Edit: As user yoyostein mentioned, maybe there is a categorical perspective on this. At the risk of exposing my severe lack of expertise: my thoughts are to define a “categorical inclusion morphism” generalizing the inclusion morphism from a subset to a set. Then fixing $$A,B$$ we take the category whose objects $$(f_{1},g_{1},X)$$ consist of these inclusion maps $$f_{1}:X\rightarrow A$$, $$f_{2}:X\rightarrow B$$ and whose morphisms are the usual commutative diagrams. Then $$A\cap B$$ would be final in this category, and so these “closed” structures would really be those for which this intersection construction exists in their respective categories. Any chance this is going anywhere?

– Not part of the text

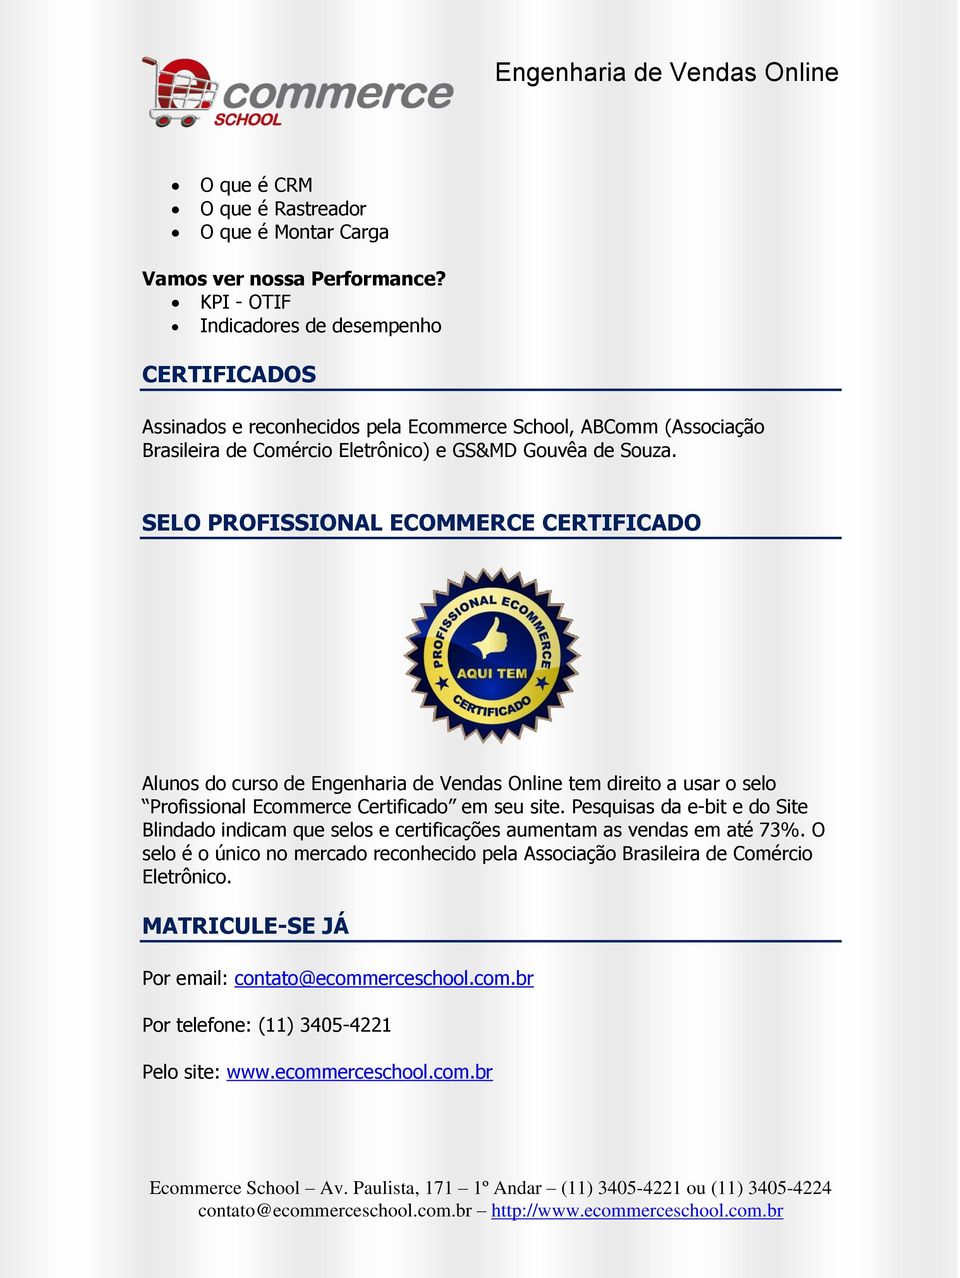 SELO PROFISSIONAL ECOMMERCE CERTIFICADO Alunos do curso de Engenharia de Vendas Online tem direito a usar o selo Profissional Ecommerce Certificado em seu site.

In the answer here user Stahl gives a categorical explanation for why this is the case for many algebraic structures. Unfortunately, I’m not familiar enough with category theory to tell if what Stahl has written generalizes to “less algebraically-motivated” structures like topological spaces or club sets (actually, I think those are topological), but I’d guess in many cases the properties of the categories he’s mentioning hold elsewhere like in $$\mathsf{Top}$$.

Many of these examples can be generalized by the notion of closure. Say in your universe $$U$$ you have a mapping $$\operatorname{cl}: \mathcal{P}(U) \rightarrow \mathcal{P}(U)$$ with the properties that

i) $$A \subseteq \operatorname{cl}(A)$$ for all $$A$$

ii) if $$A \subseteq B$$ then $$\operatorname{cl}(A) \subseteq \operatorname{cl}(B)$$ (monotonicity.)

Then defined the “closed” sets $$S$$ to be those for which $$\operatorname{cl}(S) = S$$. Usually $$\operatorname{cl}(S)$$ is thought of as the object ‘generated’ by $$S$$. For example, other than the usual closure from topology, $$cl$$ could be the span of vectors, or the subgroup/subring/submodule/$$\sigma$$-subalgebra etc. generated by $$S$$; or the connected components $$S$$ belongs to, or the convex hull of $$S$$. We want to be able to combine elements of $$S$$ in various ways, and by taking $$\operatorname{cl}(S)$$ we add in all the extra elements of $$U$$ to do whatever it is we need, but no more.

I claim that if $$A,B$$ are closed then $$A \cap B$$ is closed. Let $$A,B$$ be closed; then

$$\operatorname{cl}(A \cap B) \subseteq \operatorname{cl}(A)$$ $$\operatorname{cl}(A \cap B) \subseteq \operatorname{cl}(B)$$ by (ii), implying $$\operatorname{cl}(A \cap B) \subseteq \operatorname{cl}(A) \cap \operatorname{cl}(B)$$; by definition, $$\operatorname{cl}(A) = A$$ and $$\operatorname{cl}(B) = B$$, so $$\operatorname{cl}(A \cap B) \subseteq A \cap B$$. Furthermore,

$$\operatorname{cl}(A \cap B) \supseteq A \cap B$$ by (i); so $$\operatorname{cl}(A \cap B) = A \cap B.$$ So $$A \cap B$$ is closed. And the same proof works for showing intersections of arbitrary families of closed sets are closed.

Conversely, if we have a family of ‘closed’ objects $$\mathcal{F} \subseteq \mathcal{P}(U)$$ that is closed under intersection, then we can define $$\operatorname{cl}(A) = \bigcap \{S \in \mathcal{F} | S \supseteq A\}$$. In this case, $$cl$$ clearly obeys (i) and (ii), and $$\mathcal{F} = \{A | \operatorname{cl}(A) = A\}$$.